Beijing has provided much-needed capital to a continent starved of investment. The China Import-Export Bank is the continent’s largest creditor and Beijing has promised $20bn more in loans over the next three years.

But Beijing’s money comes with its own strings attached: it must be spent on Chinese goods or Chinese-built infrastructure. And Chinese firms often source their supplies and workers back home.

The number of Chinese in Africa has increased 10-fold over the past 20 years to an estimated 1-million. From shopkeepers in Malawi to prostitutes in Cameroon, Africans complain that Chinese competition is making life tougher.

Unlike western immigrants, the Chinese diaspora comes from the poorest section of society and competes for work with Africans, 80% of whom are in "vulnerable employment" according to the International Labour Organisation.

In Ghana, tensions flared into violence last month when police and residents attacked artisanal Chinese gold mineworkers, claiming they were driving locals out of the industry. Many were brutally beaten and 200 were deported.

Frustration has also emerged with the operating practices of some Chinese firms. In Gabon, Chinese refiner Sinopec’s Addax Petroleum is embroiled in a $1bn legal dispute over an oil licence after the government alleged it failed to pay customs duties.

Zambia, where Chinese mines have a record of violent labour disputes, revoked three licences for the Chinese-owned Collum coal mine, alleging nonpayment of royalties taxes, and poor environmental and safety records.

"Now more countries are engaging with Africa, there are more options. Several countries are looking at Chinese investment with a more critical eye. There will be more and more scrutiny of these contracts," says Razia Khan, head of Africa research at Standard Chartered Bank.

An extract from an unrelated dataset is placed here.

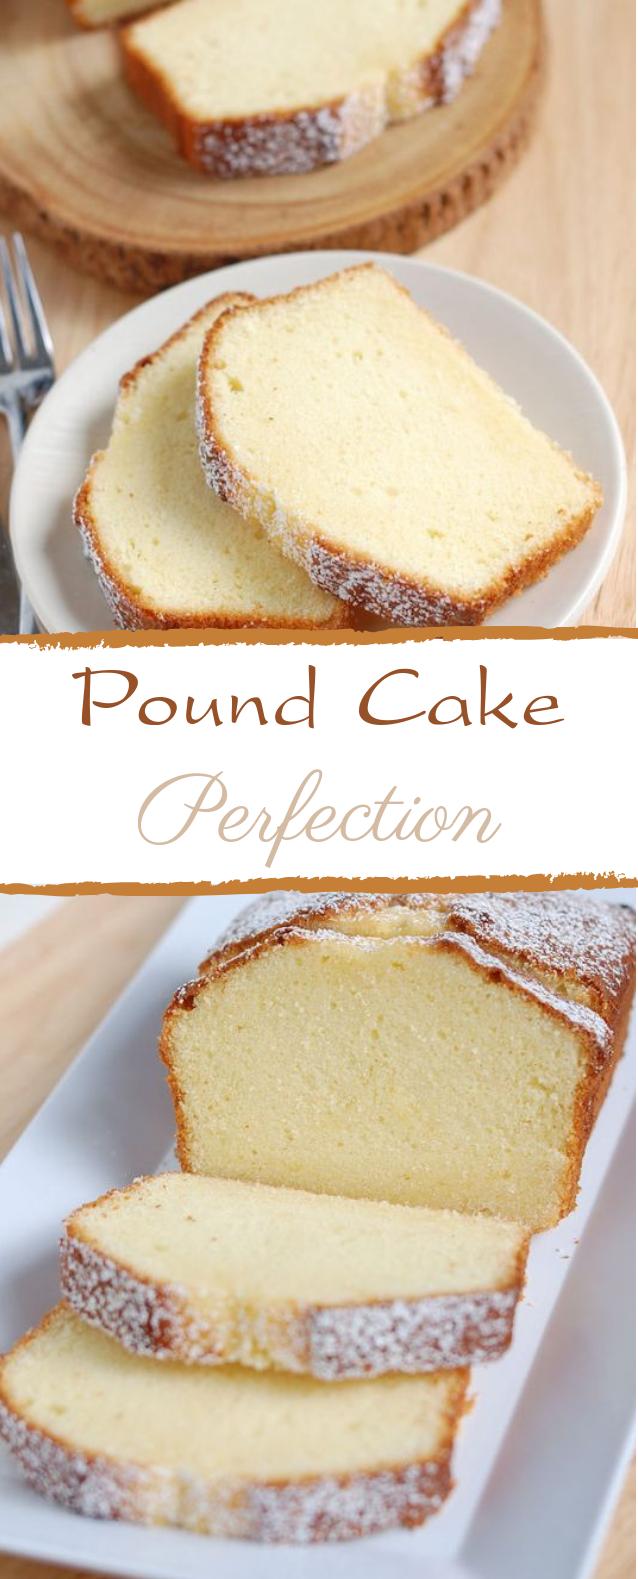 Pound Cake Perfection #bestrecipe #cake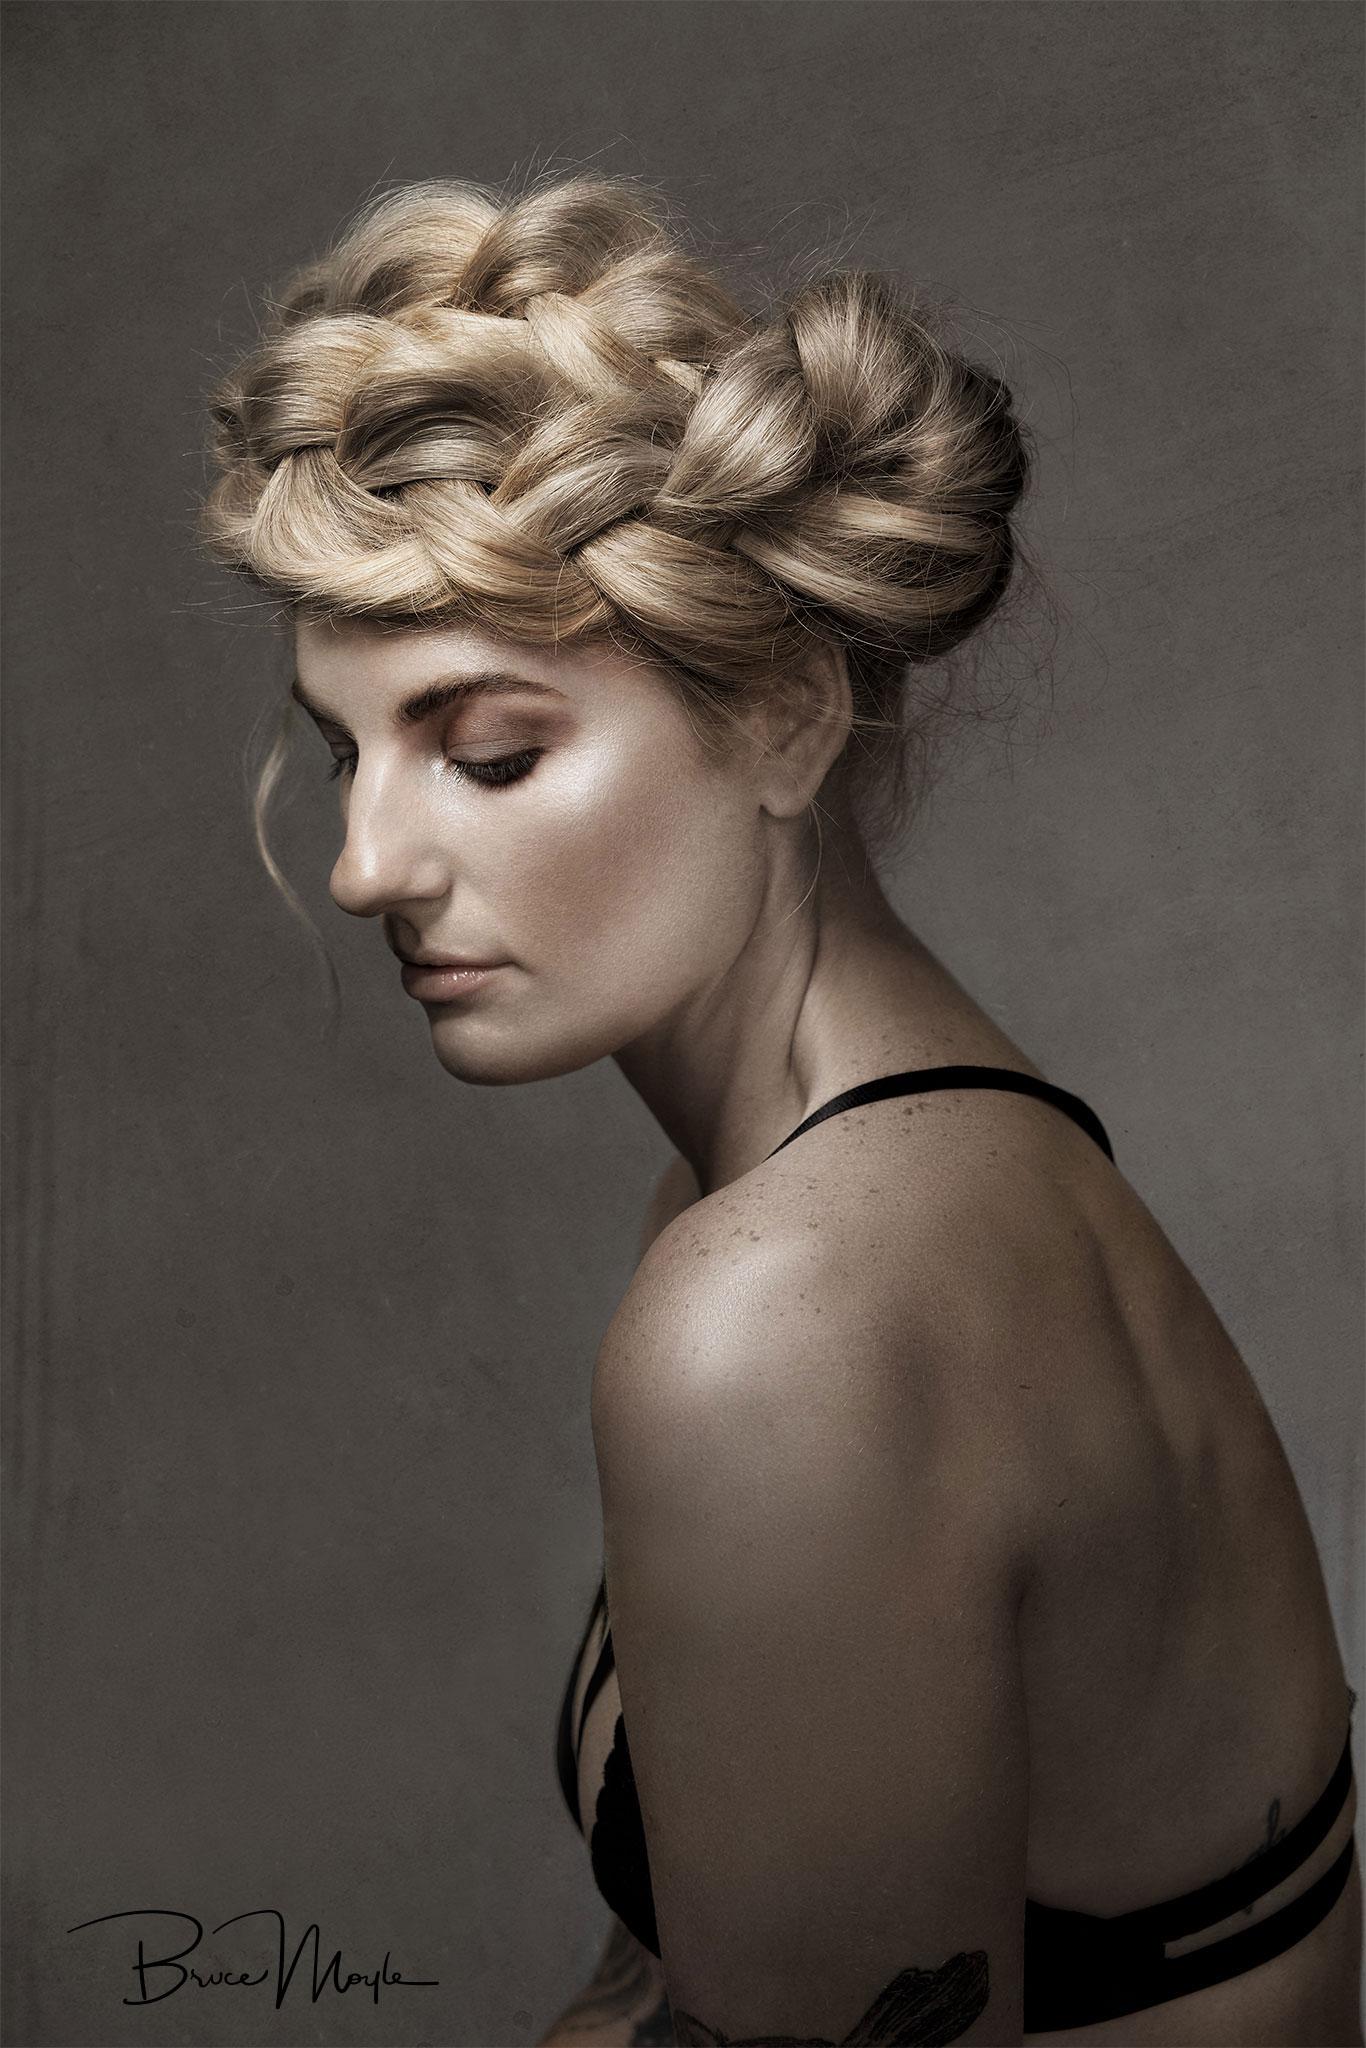 AAI004---Clare-Dornauf-Hair-Shoot---022.jpg

Responding to the criticism from Nigeria and South Africa, China’s commerce ministry has encouraged firms to increase investment in Africa. China is launching special economic zones for manufacturing companies on the continent.

Though it is Africa’s largest trading partner, China has only 6% of the stock of foreign investment — well behind France on 18% — says United Nations trade body Unctad. Nigerian Finance Minister Ngozi Okonjo-Iweala has urged African countries to woo Chinese manufacturing firms into offshoring their production as their domestic labour costs rise.

"We need to prepare ourselves to provide a welcoming home for some of the industries where the Chinese will no longer be competitive," she said last month.